Giustamente il sindacato che fu di Giuseppe di Vittorio non ha mai accettato questa definizione.

Nemmeno nei momenti più esaltanti. Quando il sol dell’avvenire era ancora alto. E splendeva.

Figurarsi oggi, che la sinistra italiana non versa nelle migliori condizioni se il sindacato, per ora ancora della Camusso, accetta una simile definizione di se stesso.

Ma i tempi si sono fatti difficili e quella immaginaria cinghia ora la si dovrebbe tirare.

Si perché sembra che gli iscritti siano in caduta libera, così come il prestigio di quella storica sigla.

Ingeneroso addossare tutta la colpa alla Susanna, quello che è certo è che da questa situazione o se ne esce prontamente o la CGIL rimarrà una sigla storica, fuori dal tempo e dalla società.

È a causa di questa situazione che i riflettori sono puntati sulle manovre per la successione al vertice del sindacato rosso.

Le indiscrezioni che trapelano dalla segreteria nazionale dicono che Susanna Camusso avrebbe indicato Maurizio Landini come candidato alla sua successione e l’ipotesi di candidare l’attuale segretaria della Funzione pubblica Serena Sorrentino sarebbe superata.

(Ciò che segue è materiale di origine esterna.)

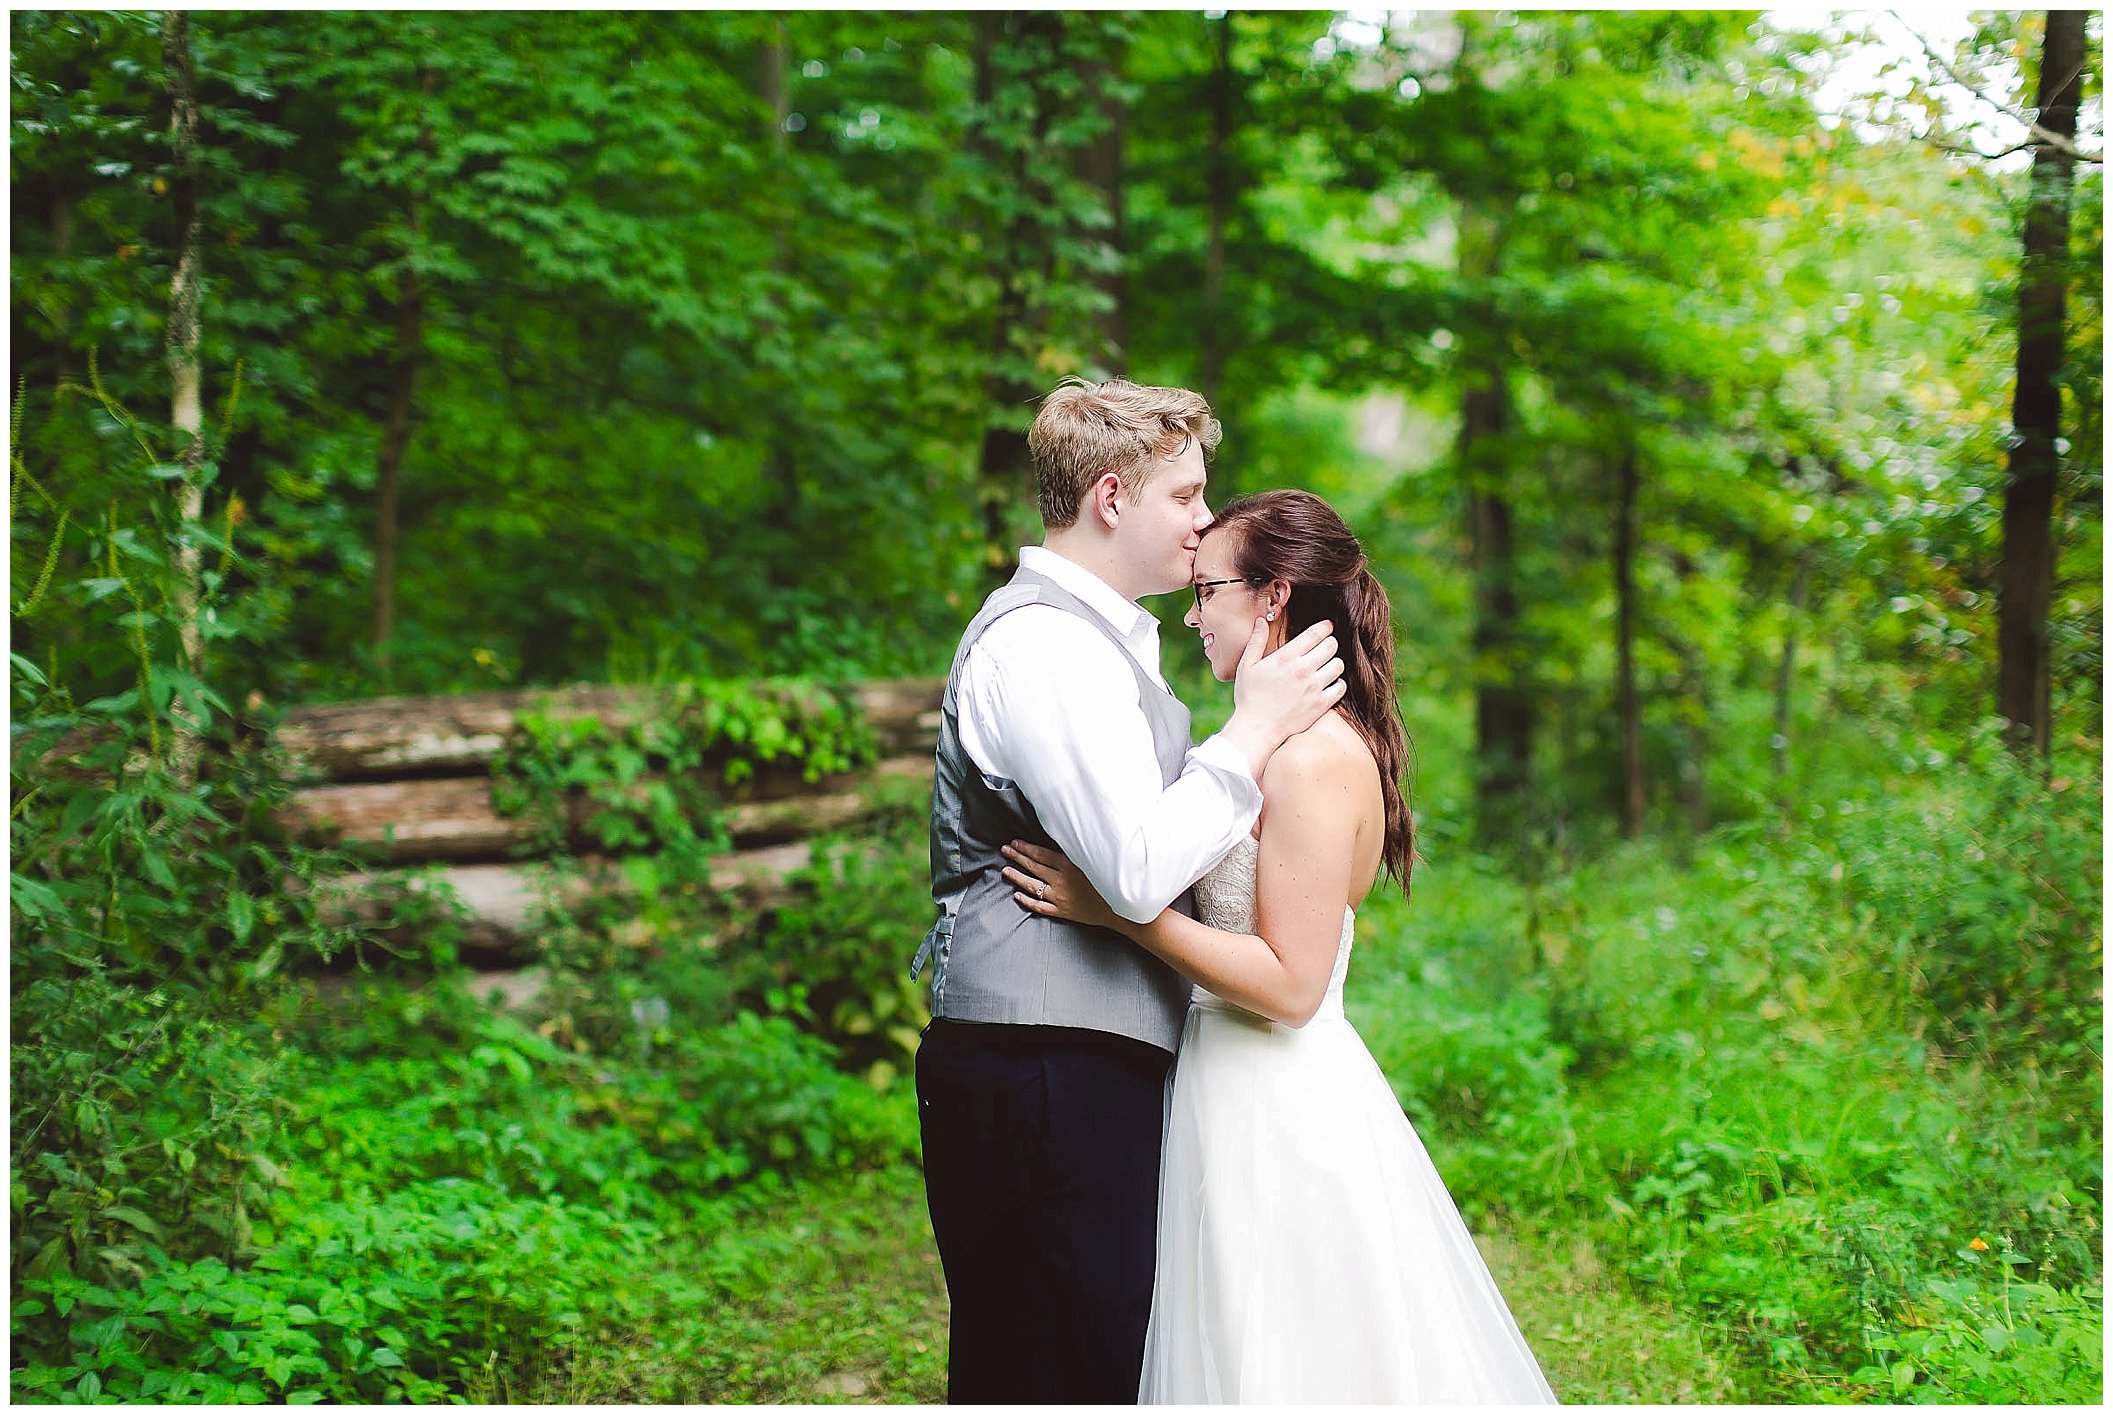 Stunning backyard wedding with twinkly lights, Fort Wayne Indiana Wedding Photographer_0043.jpg

Landini ha lasciato il sindacato dei metalmeccanici un paio di anni fa, per entrare nella segreteria confederale.

Ma la sua ascesa al soglio segretariale non è priva di ostacoli. nella riunione della segreteria nazionale si sono avuti degli scontri e non tutte le categorie sembrano sostenere Landini.

Ci sarebbe un’alternativa. Vincenzo Colla, sostenuto tra gli altri dal sindacato dei pensionati che rappresenta quasi metà degli iscritti (ecco perché la CGIL non può definirsi a pieno titolo sindacato dei lavorati…).

Poche ore e si vedrà se la proposta di Camusso verrà confermata e verrà quindi presentata alla prossima riunione del direttivo nazionale.

Lo scontro si fa interessante in quanto Landini è l’espressione di un sindacato di movimento mentre la candidatura di Colla sembra più vicina al modello tradizionale.

Politicamente Colla, bersaniano storico, sembra più vicino al Pd.

E Landini in questo momento a chi sarebbe più politicamente vicino?

Risposta che ci sentiamo di girare ai nostri lettori.